Toyota Motors sometimes prefers to use the katakana version of its name (トヨタ)
in preference to the kanji, but that is basically a branding thing ("it
scarcely matters what you pick as long as it is consistent!"). They'll write
it with kanji every once in a while too, as will newspapers and the like
referring to their country. (This is very roughly similar to newspapers
referring to William Jefferson Clinton as "Bill" -- it is an acknowledged
correct name other than the canonical one.)

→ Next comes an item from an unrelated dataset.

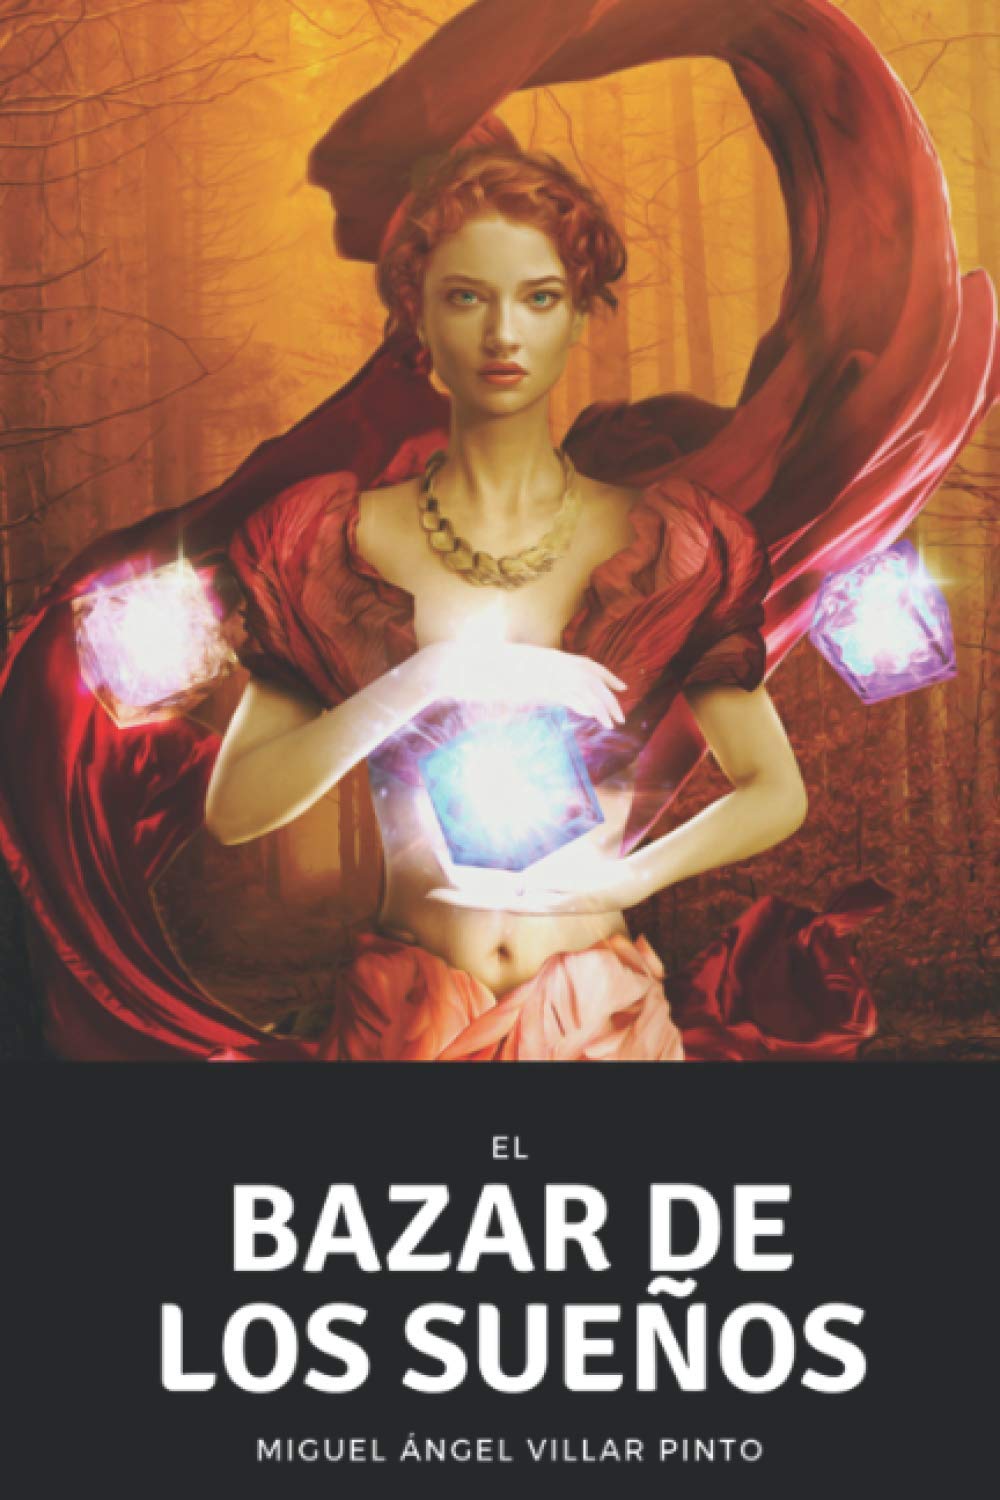 El bazar de los sueños (Cuentos Maravillosos) (Spanish Edition)

Other companies in the Toyota group standardize on the kanji (such as 豊田自動織機
-- Toyota Industries Corporation) or even on the romaji ("Toyota") versions.

------
ebun
Bowing is so integrated here that I don't even realize I'm doing it anymore.
It becomes second nature, and you pretty much do it before and after
everything.

Even though I don't really understand the intricacies, I can usually get-by by
overdoing it all the time. When in doubt, bow.

------
brazzy
The explanations in the articles are several decades out of date. Nowadays,
parents and schools have other focuses than the intricacies of bowing, and
companies routinely hold classes on this (and, more importantly, "keigo", the
formally polite grammar and vocabulary) for newly-hired graduates.

------
pwim
I'm reminded of <http://www.youtube.com/watch?v=pqZcEwHBAk8>